Кстати, глагол, подобный этому “завелся”, употреблен и в “Собачьем сердце” – Швондером, требующим от профессора выдать справку о Шарикове, “зародившемся в вашей, мол, квартире” (VI; 587), а рефлекс “банного” элемента можно усмотреть в эксцессах Шарикова в ванной, которые в одном случае описываются именно этим прилагательным (“все зеркала покрылись банным налетом” [VI; 594]).

Еще существеннее, что в Смердякове настойчиво подчеркивается его “звериность”. Уже само его рождение является последствием ответа Федора Павловича на

совершенно эксцентрический вопрос [одного барчонка] на совершенно невозможную тему: “Можно ли, дескать, хотя кому бы то ни было счесть такого зверя [т. е. Лизавету Смердящую] за женщину…”” (III, 2; 91); в дальнейшем Смердяков систематически характеризуется в “животных” терминах – как “(валаамова) ослица” (на протяжении всей главы II, 7, “Контроверза”); как “вол” (“с одного вола двух шкур не дерут” [II, 7; 119]; “для чего же я … кожу с себя дам содрать?” [121]); Иваном – как “передовое мясо” (122); а Митей – как “болезненная курица”, “Он и родился от курицы” (IX, 5; 428).

В свою очередь, тема “кожи” Шарика/Шарикова  возникает в самом начале в связи с ожогом, активизируется в ходе первой операции (гл. IV) и возвращается в конце виде кожаных одежд заведующего подотделом очистки (гл. IX; 612). Между прочим, и гонения Шарикова на котов имеют смердяковский прецедент:

“В детстве он очень любил вешать кошек и потом хоронить их с церемонией… Григорий поймал его однажды на этом упражнении и больно наказал розгой” (III, 6; 114).

2. Культура. В этой сфере переклички особенно многочисленны. Шариков, подобно Смердякову, пошло одевается, в частности, любит “лаковые”, или “лакированные”, штиблеты.

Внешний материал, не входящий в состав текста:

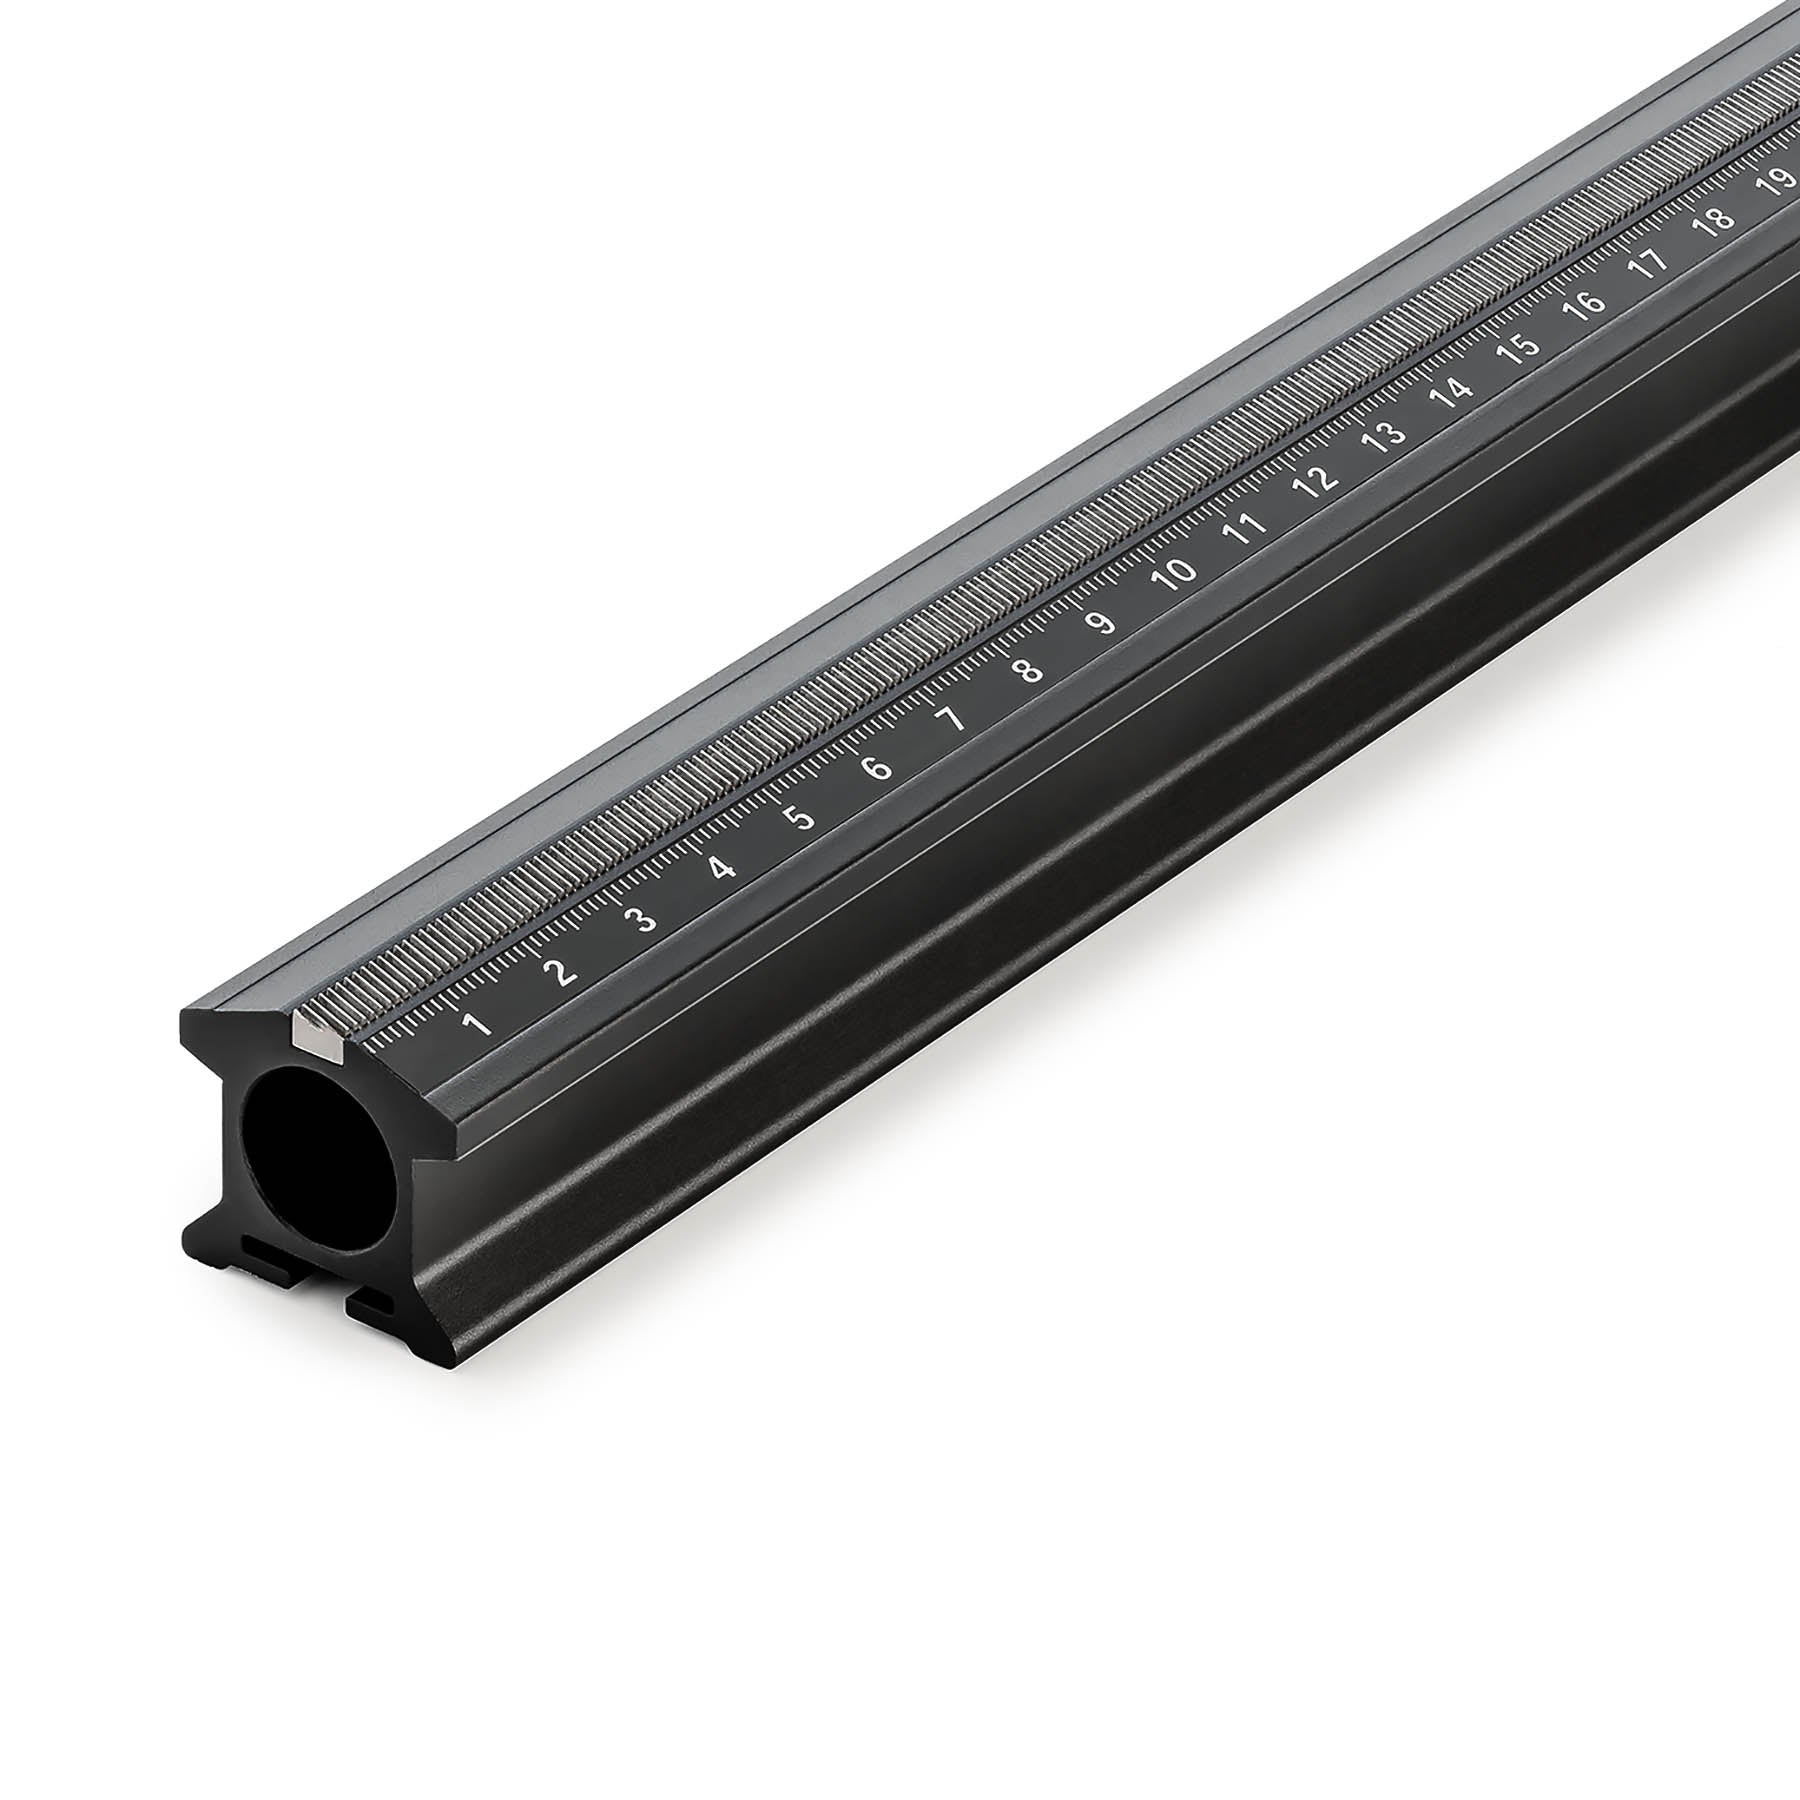 ARCA-SWISS monorail II units available in lengths 15cm, 20cm, 25cm, 30cm and 40cm

По словам самого Смердякова, “тамошний [т. е., иностранец] в лакированных сапогах ходит, а наш подлец в своей нищете смердит[!]” (V, 2; 205); “Смердяков, разодетый, напомаженный и чуть не завитой, в лакированных ботинках… (206).

“… с полу разбрызгивая веера света, бросались в глаза лаковые  штиблеты [Шарикова] с белыми гетрами”(VI; 582); ” – Что это за сияющая чепуха?… Неужели доктор Борменталь такие выбрал? – Я ему велел, чтобы лаковые. Что я, хуже людей? Пойдите на Кузнецкий – все в лаковых” (583); “… он посучил лакированными ногами по паркету” (585).

Оба персонажа по-своему – пошловато – музыкальны: Смердяков красуется с гитарой, Шариков (вослед своей пролетарской ипостаси – Чугункину) играет на балалайке, чем раздражает Преображенского, так что тот запрещает “игру на музыкальных инструментах от семи часов дня до пяти часов утра” (VI; 581), но, впрочем, сам начинает невольно напевать “Светит месяц”.

Как и Смердяков, Шариков не любит театра.

“Был даже раз в театре, но молча и с неудовольствием воротился” (“Братья Карамазовы”, III, 6; 116);

” – Каждый день в цирк… Я бы на вашем месте хоть раз в театр сходил. – В театр я не пойду, – неприязненно отозвался Шариков… – Почему, собственно, вам не нравится театр? – … Да дурака валяние.. Разговаривают, разговаривают.. Контрреволюция одна”(VII; 597).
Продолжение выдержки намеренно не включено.